In a hydrogen like atom electron makes transition from an energy level with quantum number n to another with quantum number (n - 1). If n >> 1, the frequency of radiation emitted is proportional to :

For a hydrogen-like atom, the stationary‐state energies are given by the well-known Bohr formula

$$E_n \;=\; -\,\frac{R_H\,Z^{2}}{n^{2}}\;,$$

where $$R_H$$ is Rydberg’s constant expressed in energy units, $$Z$$ is the atomic number (for hydrogen itself $$Z=1$$) and $$n$$ is the principal quantum number.

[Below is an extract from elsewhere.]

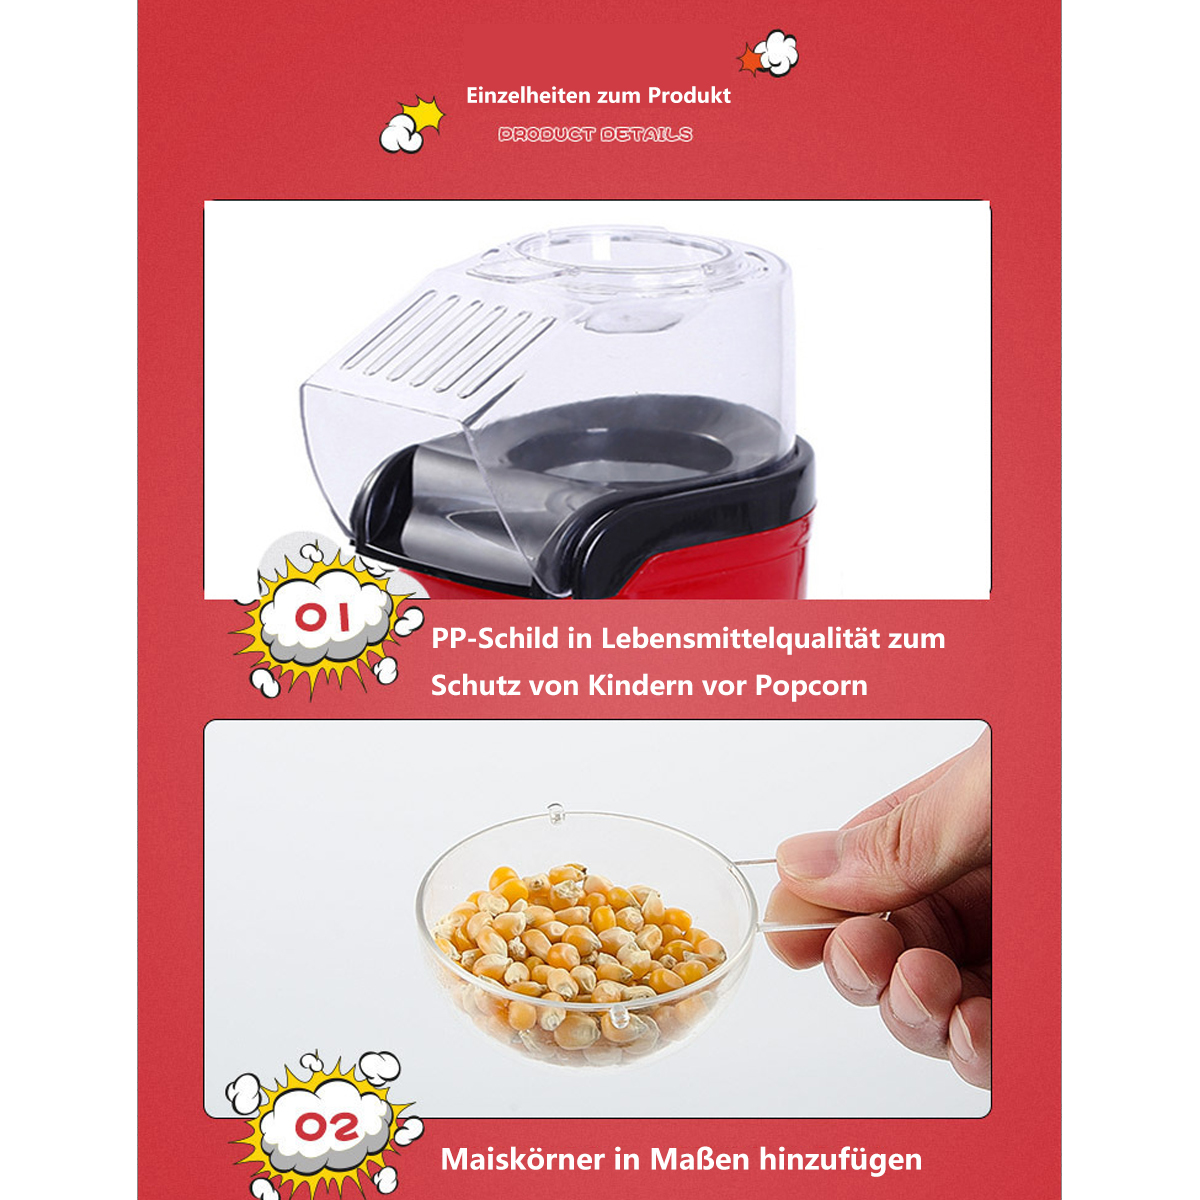 SYNTEK Popcornmaschine Popcornmaker Popcornmaschine weiß elektrische aufblasbare Mini-Popcorn-Wimpelmaschine

The electron is said to jump from the level having quantum number $$n$$ to the neighbouring lower level $$n-1$$. The energy released in this downward transition equals the difference of the two level energies, so

$$\Delta E \;=\; E_{n-1} \;-\; E_{n}.$$

First write each energy explicitly from the formula:

$$E_{n-1} \;=\; -\,\frac{R_H Z^{2}}{(n-1)^{2}}, \quad E_{n} \;=\; -\,\frac{R_H Z^{2}}{n^{2}}.$$

Substituting these expressions into the definition of $$\Delta E$$ gives

$$\Delta E \;=\; -\,\frac{R_H Z^{2}}{(n-1)^{2}} \;-\;\Bigl(\,-\,\frac{R_H Z^{2}}{n^{2}}\Bigr) \;=\; -\,\frac{R_H Z^{2}}{(n-1)^{2}} \;+\;\frac{R_H Z^{2}}{n^{2}}.$$

Factorising the constant $$R_H Z^{2}$$:

$$\Delta E \;=\; R_H Z^{2}\left(\frac{1}{n^{2}} \;-\;\frac{1}{(n-1)^{2}}\right).$$

Simplify the bracket by taking a common denominator:

$$\frac{1}{n^{2}} \;-\;\frac{1}{(n-1)^{2}} \;=\;\frac{(n-1)^{2} \;-\; n^{2}}{n^{2}(n-1)^{2}}.$$

Expand $$\;(n-1)^{2}$$ to get $$n^{2}-2n+1$$, and then subtract $$n^{2}$$:

$$(n^{2}-2n+1) \;-\; n^{2} \;=\; -\,2n \;+\; 1.$$ Hence

$$\frac{1}{n^{2}} \;-\;\frac{1}{(n-1)^{2}} \;=\;\frac{-\,2n+1}{n^{2}(n-1)^{2}}.$$

The negative sign merely indicates that energy is released; the frequency will depend on the magnitude, so we take the absolute value:

$$\lvert\Delta E\rvert \;=\; R_H Z^{2}\,\frac{2n-1}{n^{2}(n-1)^{2}}.$$

The question states that $$n \gg 1$$, i.e. $$n$$ is very large. Under this condition we may approximate

$$2n-1 \;\approx\; 2n, \quad (n-1)^{2} \;\approx\; n^{2}.$$

Substituting these large-$$n$$ equivalents gives

$$\lvert\Delta E\rvert \;\approx\; R_H Z^{2}\,\frac{2n}{n^{2}\,n^{2}} \;=\; 2\,R_H Z^{2}\,\frac{1}{n^{3}}.$$

Planck’s relation links the emitted energy and the frequency:

$$\Delta E \;=\; h\nu.$$

Therefore

$$\nu \;=\;\frac{\Delta E}{h} \;\propto\; \Delta E \;\propto\;\frac{1}{n^{3}}.$$

Thus, when $$n$$ is very large, the frequency of the photon emitted in the transition $$n \rightarrow n-1$$ is inversely proportional to the cube of the quantum number $$n$$.

Hence, the correct answer is Option B.